GedichtGedichte

Das Gedicht „Wenn nicht mehr Zahlen und Figuren“ stammt aus der Feder von Novalis.

Wenn nicht mehr Zahlen und Figuren
sind Schlüssel aller Kreaturen
wenn die, so singen oder küssen,
mehr als die Tiefgelehrten wissen,
wenn sich die Welt ins freie Leben
und in die Welt wird zurückbegeben,

wenn dann sich wieder Licht und Schatten
zu echter Klarheit werden gatten
und man in Märchen und Gedichten
erkennt die wahren Weltgeschichten,
dann fliegt von einem geheimen Wort
das ganze verkehrte Wesen fort.

Analyse

Das Gedicht "Wenn nicht mehr Zahlen und Figuren" (1800; Epoche der Romantik) besteht aus 1er Strophe mit 12 Versen. Das Metrum (Versmaß) ist ein jambischer Vierheber. Als Reimschema wird in je 2 aufeinander folgenden Versen ein Paarreim [aa bb cc …] verwendet. Bis auf die letzten beiden Verse, enden die Verse mit einer weibliche Kadenz. Das ganze Gedicht besteht aus einem einzigen konditionalen Satz.

Inhalt / Zusammenfassung

Zunächst kritisiert der Autor den Anspruch der Naturwissenschaften, die einzig Mögliche Erkenntnis der Welt zu liefern und die dabei verwendeten rational-quantitativen Methoden. Den "Tiefgelehrten" werden die sinnlich orientierten "Romantiker" gegenübergestellt, deren Zugang zum Verständnis der Welt (z.B. über Märchen und Gedichte & "dem geheimen Wort") echte "Klarheit" ermöglicht (siehe auch: Hörst du wie die Brunnen rauschen von Clemens Brentano).

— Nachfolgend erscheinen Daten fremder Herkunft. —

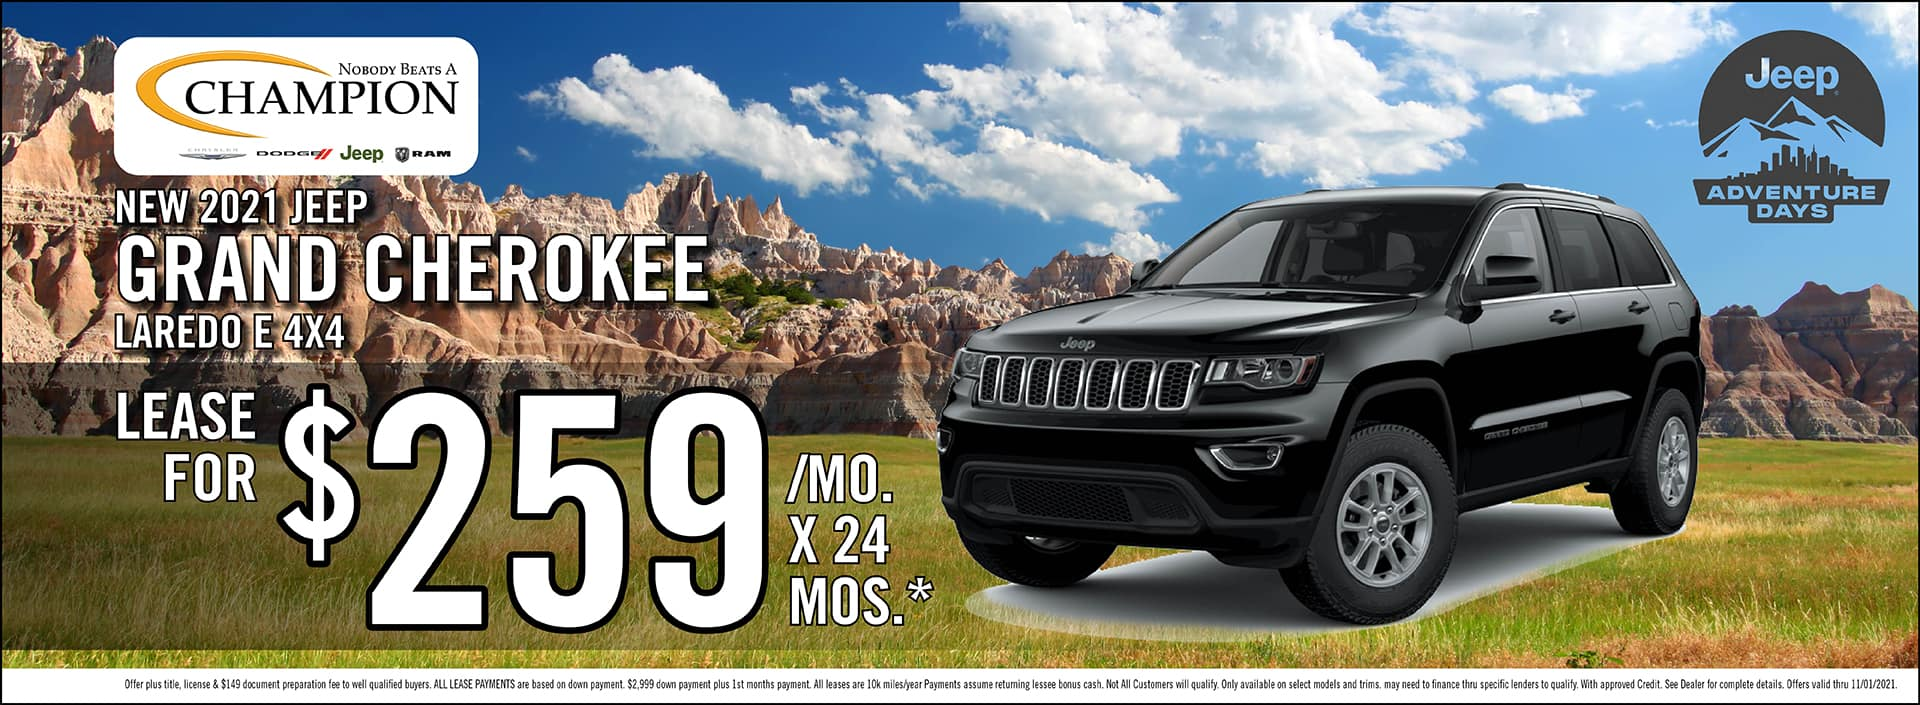 New 2021 Jeep Grand Chrerokee Laredo Offer
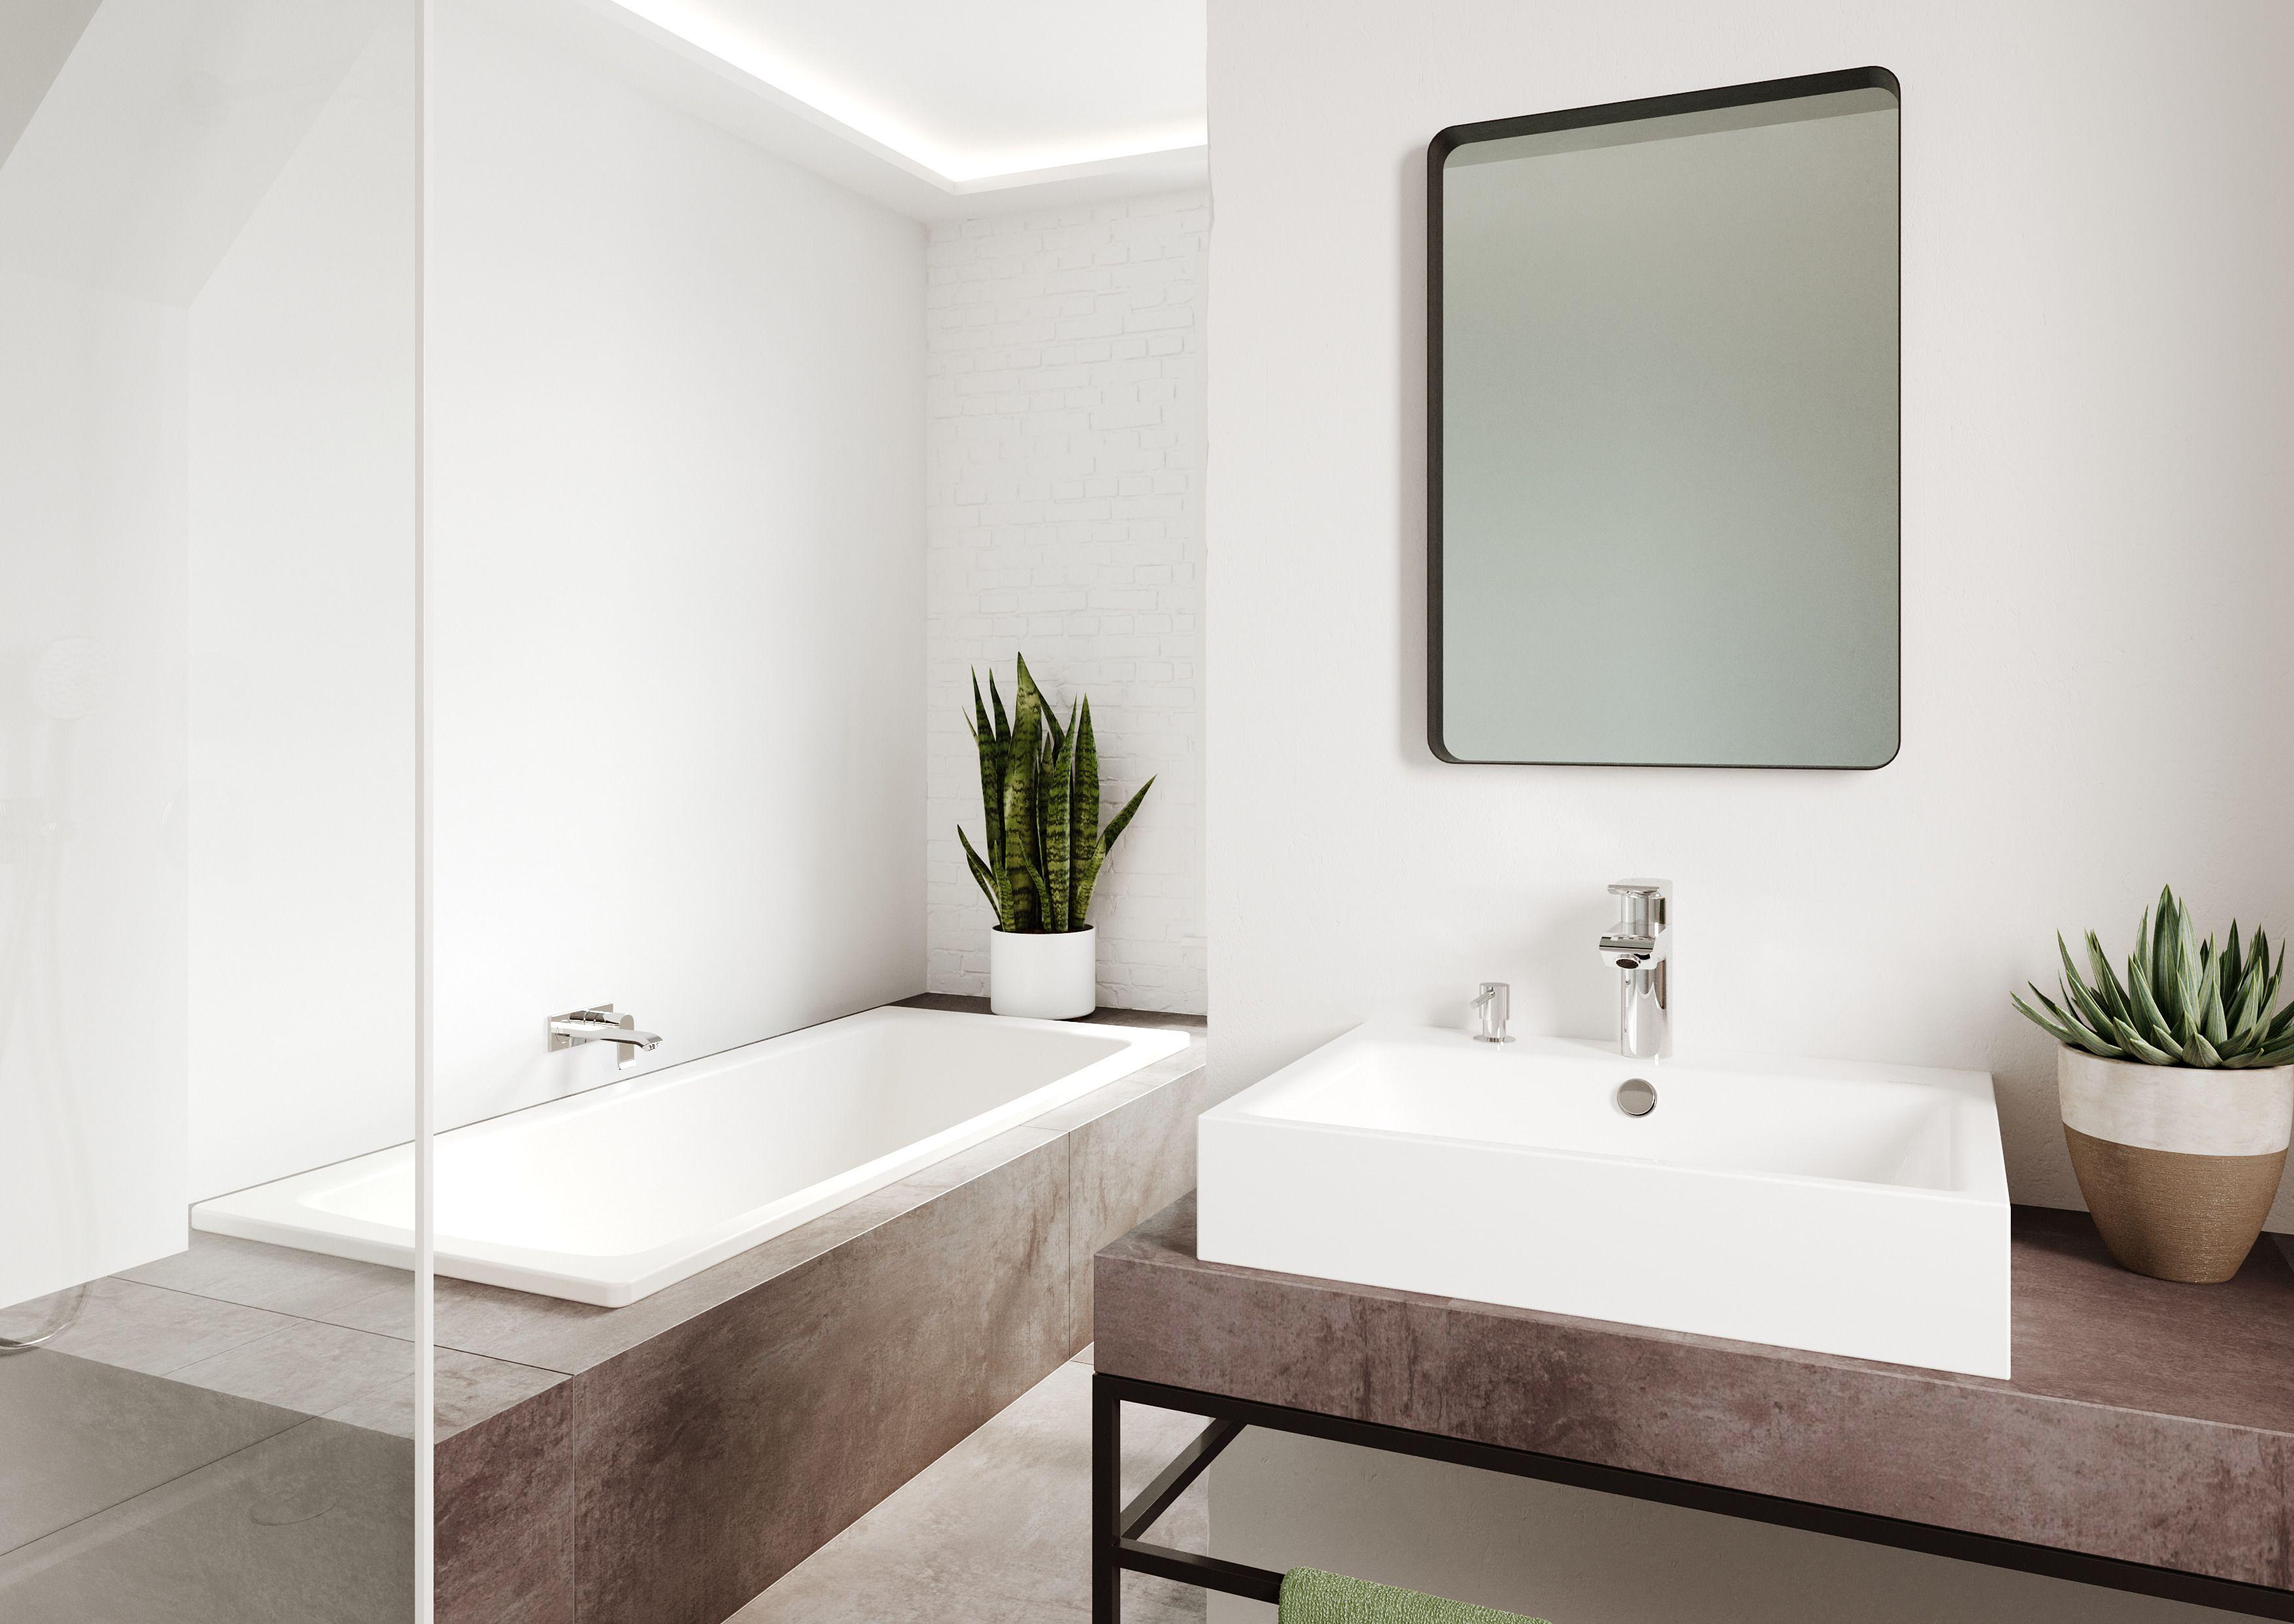 Pin By Kaldewei On Kaldewei Dream Bathrooms Traumbader Dream Bathrooms Modern Architecture Design

In den letzten beiden Versen wird das Motiv des "geheimen Wortes" aufgegriffen - d.h. dem Wort des romantischen Dichters (vgl. Eichendorffs vierzeiliges Gedicht „Wünschelrute“). Das Motiv des geheimen, nur einem eingeweihten Kreis bekannten Wortes ist der Konzeption von Friedrich Hölderlin und den späteren Haltungen des Kreises um Stefan George verwandt (siehe: Wer je die Flamme umschritt).

Hintergrund

Im Romanfragment "Heinrich von Ofterdingen" von Novalis (eigentlich Friedrich von Hardenberg) erschien dieses Gedicht, das als programmatisch für die Romantik gilt. Der Roman entstand im Laufe des Jahres 1800 und wurde erst 1802 postum von Friedrich Schlegel veröffentlicht. Novalis misstraut den „Tiefgelehrten“ (bzw. der Aufklärung) und findet den Schlüssel zum Verständnis der Welt bei den Sängern und den Liebenden.

Novalis, zu dessen Lieblingsideen das künftige Goldene Zeitalter gehörte, wünschte keine Rückkehr zu einem statischen Idealzustand im Sinne des antiken Mythos. Er erwartete neuartige Verhältnisse, die durch eine nicht endende Dynamik gekennzeichnet sein sollten: einer fortdauernden Annäherung an die Vollkommenheit in der künftigen goldenen Zeit.

Ein zentrales Merkmal des antiken und des künftigen "Goldenen Zeitalters" ist für Novalis die Einheit der Natur und die Einbettung des Menschen in diese Einheit. Im Prozess des Zueinanderfindens von Mensch und Natur weist er den Dichtern eine wichtige Rolle zu, da sie befähigt seien, das dabei Wesentliche zu erfühlen und zu artikulieren.